Back to the Global Macro Grind ……

Seen a 3Y chart of Soy lately?  That, for all my physique phile’s who know that summer abs are made in the winter, is a chart on a diet!

For the past 2 years, Soybean prices have served as a kind of price proxy for the state of U.S.-China trade negotiations. It bounced to another lower-high yesterday after making a fresh 125-month low on Monday.

Tariffs are, of course, macro tourist central but for a domestic and global economy currently walking the 2nd derivative edge of acceleration/deceleration, it matters, so let’s connect the latest high frequency macro dots and contextualize the cross-asset implications:

Importing Global Quad 4 …. 

Yesterday’s import price data serve as a convenient microcosm for the state of (global) price dynamics and the interplay between growth, inflation, policy and Fx.    

Import price growth decelerated -70bps to -1.0% Y/Y in April, marking the slowest pace of price growth since July 2016 – a dynamic which underscored Keith’s central message in yesterday’s Early Look as investors attempt to discount walking the knife’s edge of Quad 3 and Quad 4 while wrestling with the net impact of Trade Policy as we look out to 3Q19.    As it stands, the flow through impacts of Global Quad 4 (synchronized global slowdown) and the associated strong $USD continue to manifest in imported disinflation, constraining a more conspicuous breakout in domestic inflation despite the policy pivot out of the Fed.    

0 for 3 ….

China’s March macro data  - which featured marked improvement in Industrial Production, PMI’s, Export Growth, Credit Growth, etc - helped buttress global equities and propel the reflation narrative alongside incrementally dovish global central bank messaging.  The early April data, however, suggested that ‘stabilization’ remained decidedly tenuous as export growth reversed course, the trade surplus deteriorated, and credit growth slowed. 

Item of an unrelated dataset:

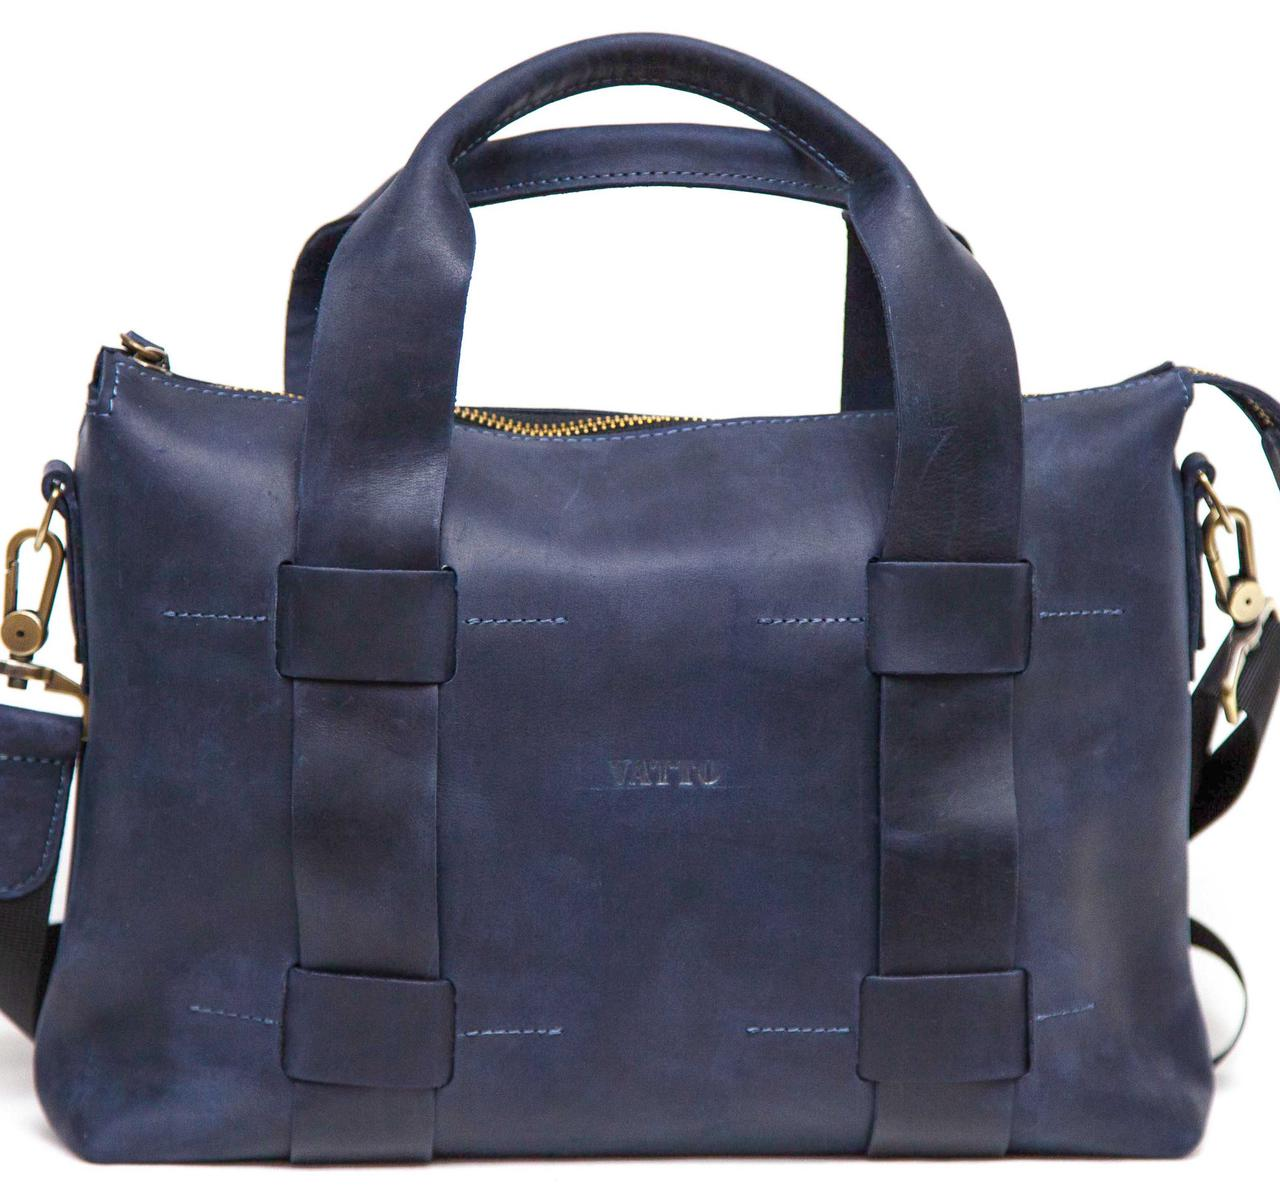 40e258d7 Мужская сумка натуральная кожа синяя: продажа, цена в Днепре ...
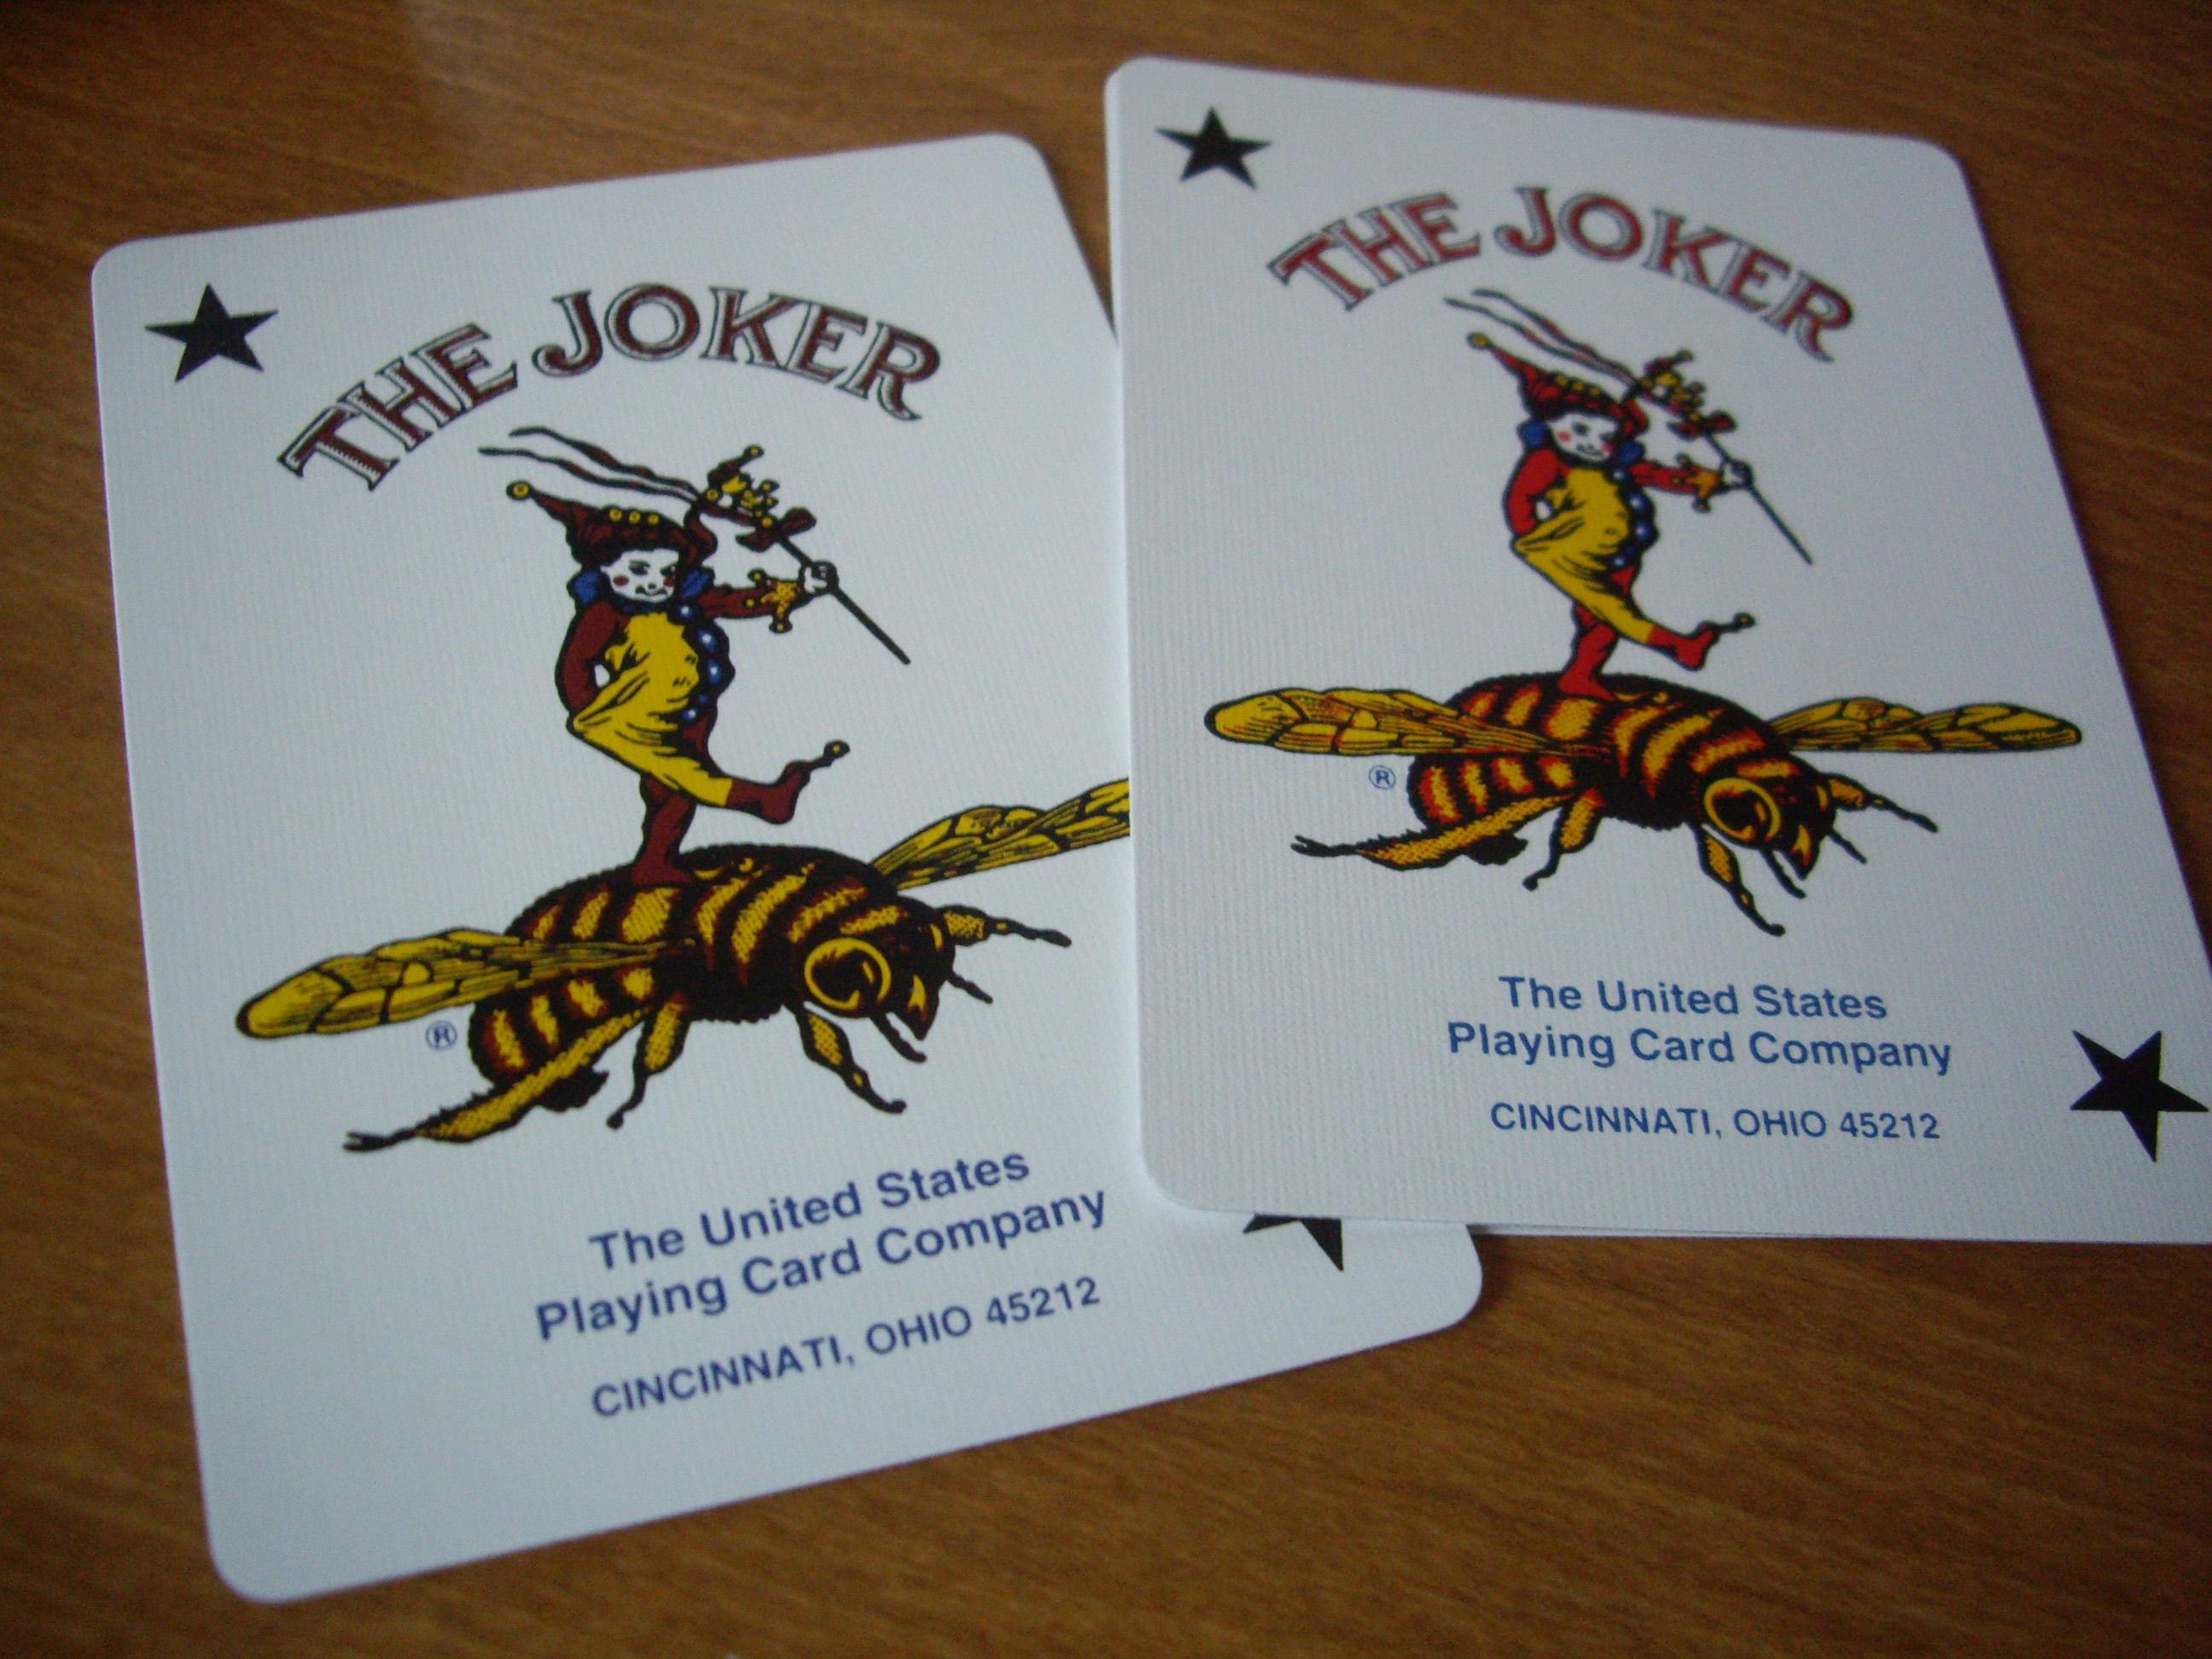 Wynn : Compare the Jokers. Wynn on left.

That brought us to last night where China went 0 for 3 as Retail Sales growth, Industrial Output growth and Fixed Asset Investment all decelerated while missing estimates across the board. 

Chinese Bud Light?

The reasons for celebrating the March macro data are the same as those cultivating the angst here alongside the reported April figures.    

If the March bounce was, in fact, a product of seasonal distortion and delusion and the immediate-term Trend remains one of deceleration, then the (global) reflation narrative – of which China is a central character – is at increasing risk of being derailed.   

Moreover, falling Chinese industrial activity and import demand threatens the fledgling 2nd derivative stabilization in the Eurozone Industrial/Export economy, augurs further weakness for an Australian economy already under duress and continued pressure on EM economies levered to global trade/activity and the Chinese demand curve.   Further slowing in China would also compound, instead of cushion, any downside stemming for a deceleration domestically.

Inclusive of last night’s data, the nowcast for the Chinese economy has moved into Quad 3 for 2Q19E, confirming the market signal (the A part of our A/B test) which saw the Shanghai Composite move to neutral Trend on 5/6 then Bearish TREND on 5/8.

While further synchronized slowdown probably ultimately results in incremental central bank dovishness and/or outright easing/stimulus … there’s a lot of risk to manage to between here and there. 

What a Tool! …..

If you were looking for a bastion of fundamental strength across the balance of Asia to buoy sentiment, Japan and Indonesia regret to inform you of their own April atrophy.  Machine Tool Orders in Japan dropped a cartoonish -33.4% Y/Y while Indonesia Exports growth cratered -13.1% Y/Y. 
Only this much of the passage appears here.